Sociologist Japonica Brown-Saracino’s 2010 study, The Gentrification Debates, emphasised the global and local basis of “tourism gentrification” in the context of modern urbanisation – a gentrification that – as argued by Michelle Metro-Roland of Western Michigan University in Tourists, Signs and the City (2011) could lead to making city environments more “sterile”.
Berlin is now considered by many to be the post-tourism capital of the world. Referring to that city, Thomas Rogers argued in his 2015 New York Magazine article, that post-tourism and gentrification together can render “formerly sleepy neighbourhoods” instantly “more upscale and exciting”. But when established residents and businesses are forced out due to tourist expectations, other issues emerge:
(This) taps into a host of other resentments – about American entitlement, about being required to speak English, about a calm neighbourhood being hijacked for the sake of someone else’s cliché idea of Berlin hedonism.
The resultant “blurring between the local and non-local” will continue not only to shape Berlin, but “the future of tourism itself”. Visitors immerse themselves in the culture before taking off for another city, but the residents remain.
Still just tourists after all
Post tourism abides by narratives of self-righteous struggle, “tourist-shaming” those who continue to visit predictable tourist spots such as the Berlin Wall or the Eiffel Tower. Hence, post tourism is partly defined by an underlying sense of posturing where travelling is concerned.

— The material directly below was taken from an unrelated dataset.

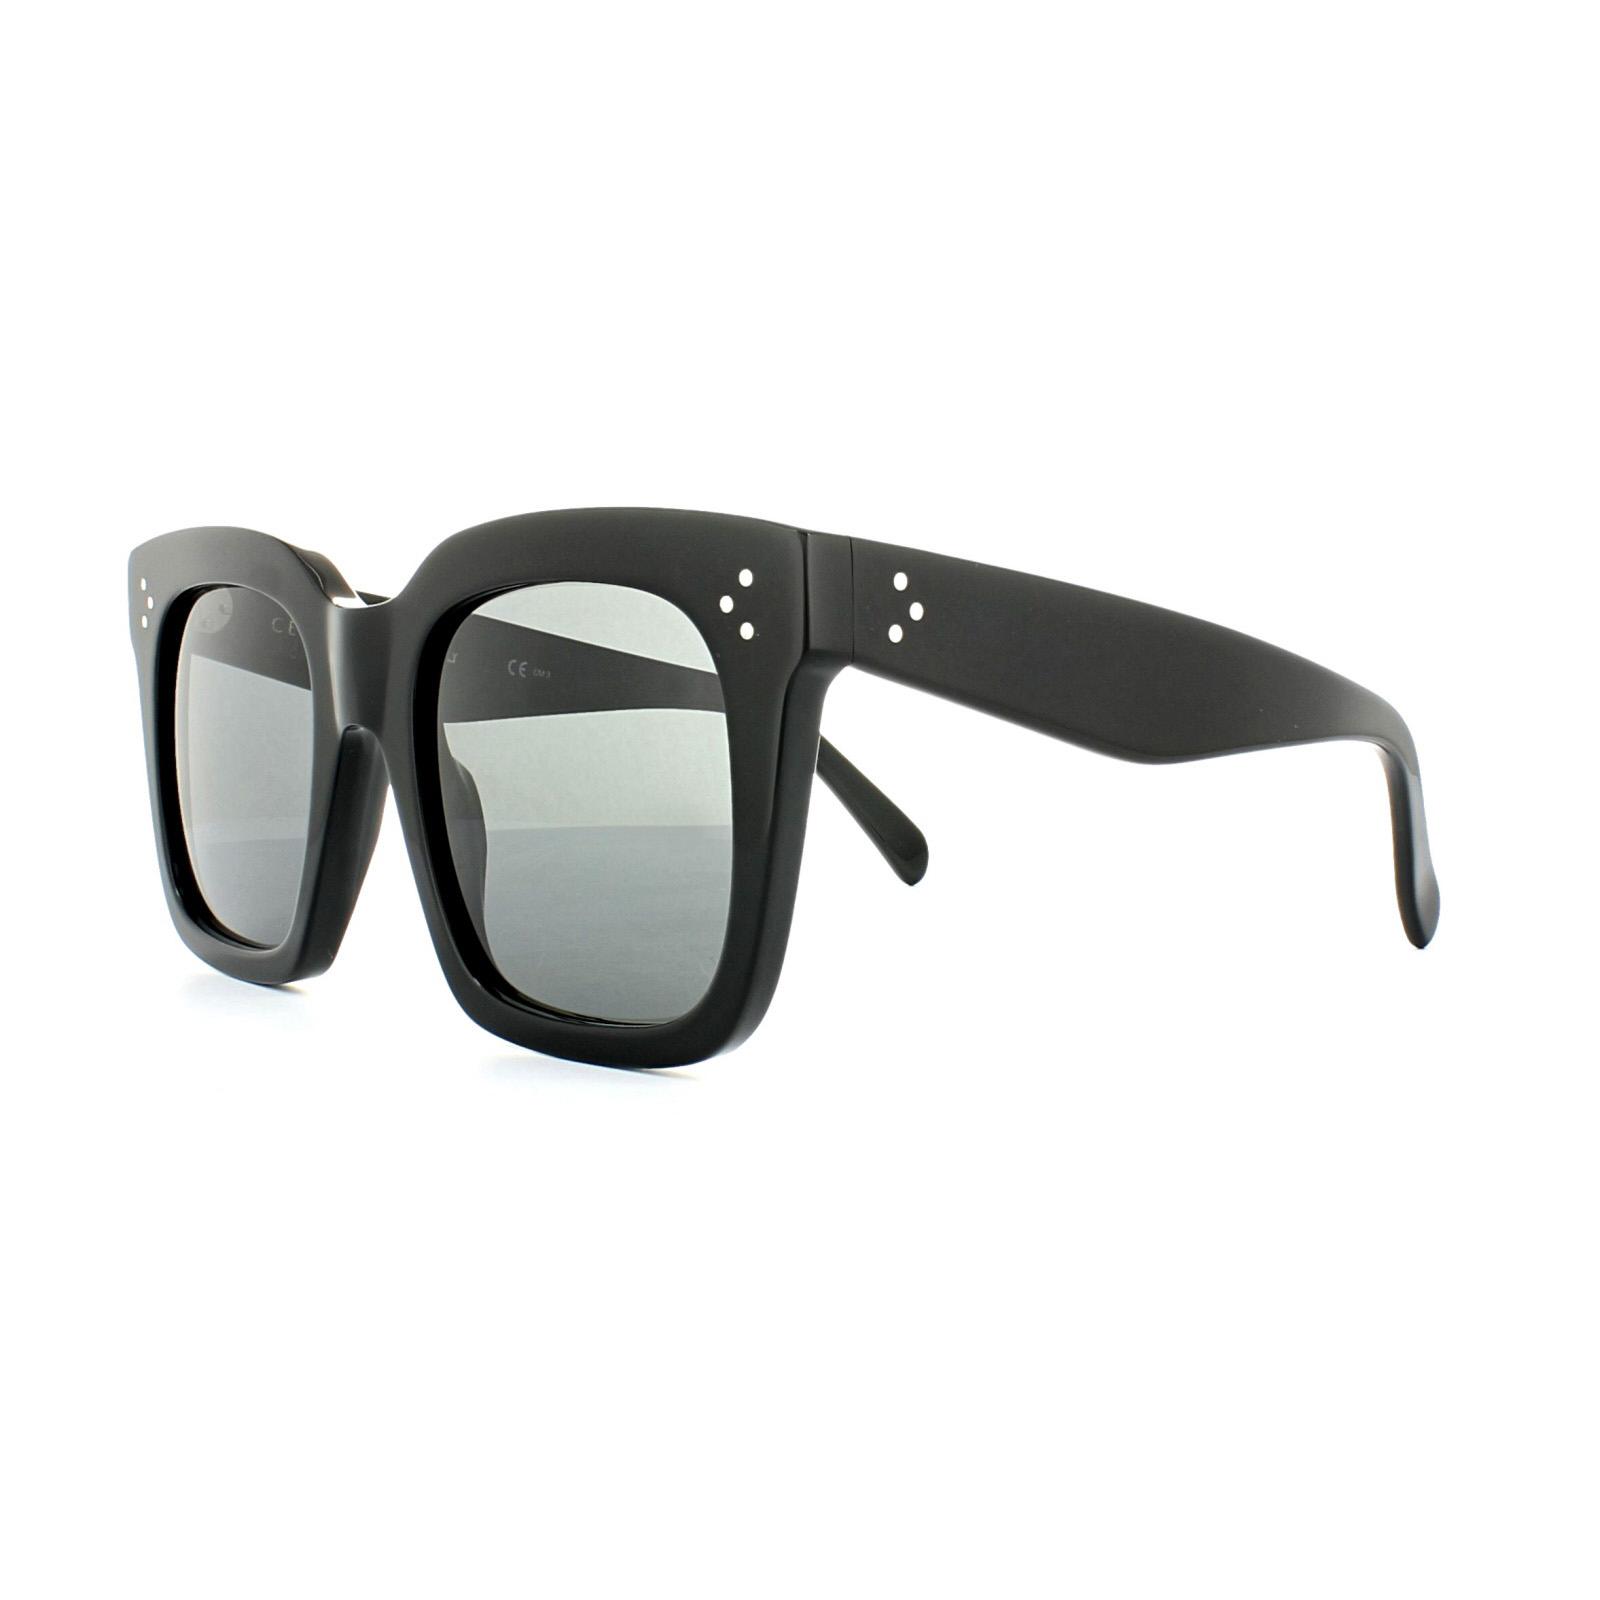 002d6948ba21d Cheap Celine 41076 S Tilda Sunglasses - Discounted Sunglasses
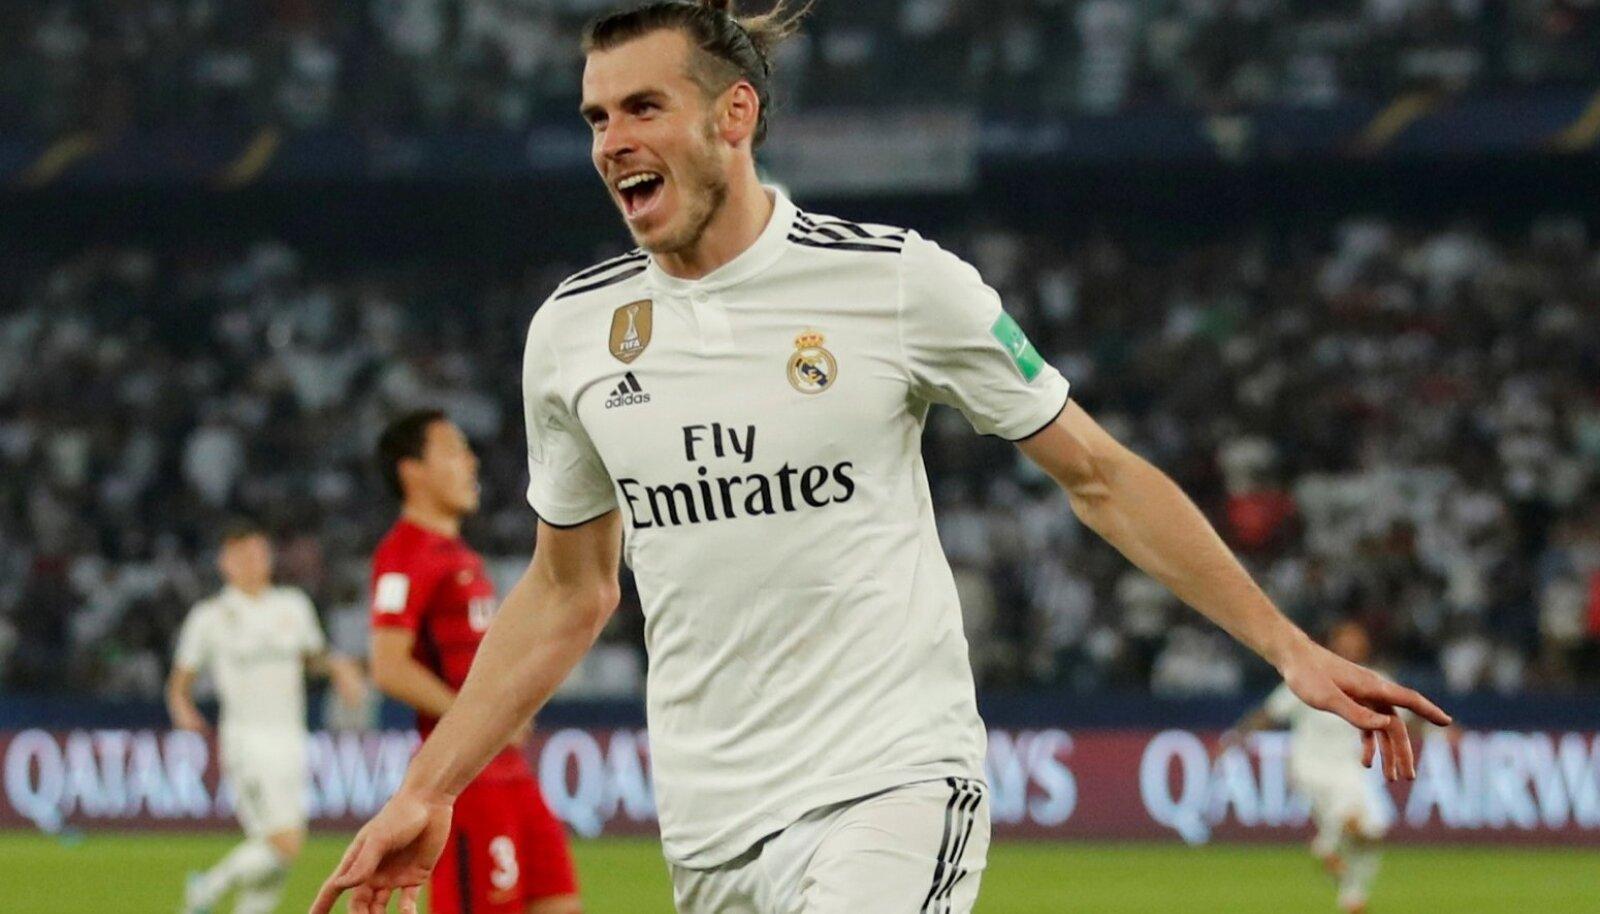 FILE PHOTO: Club World Cup - Semi-Final - Kashima Antlers v Real Madrid

In essence, post-tourists remain tourists in spite of their perceived differences from ordinary tourists. As Lisle noted:
It is not the case that only intrepid travellers can access the “real” while passive tourists are content with the “fake” – in the global theme park, there is no difference between the real and the fake, between the authentic and the staged, and indeed, between the tourist and the traveller.
After all, the post-tourist shares all the same attributes and insecurities as the ordinary tourist.
Their desire for “reality” is all the more troubling considering the limits to which any expat can realistically immerse themselves completely in “real” culture. Any traveller or tourist in another country inevitably remains an outsider.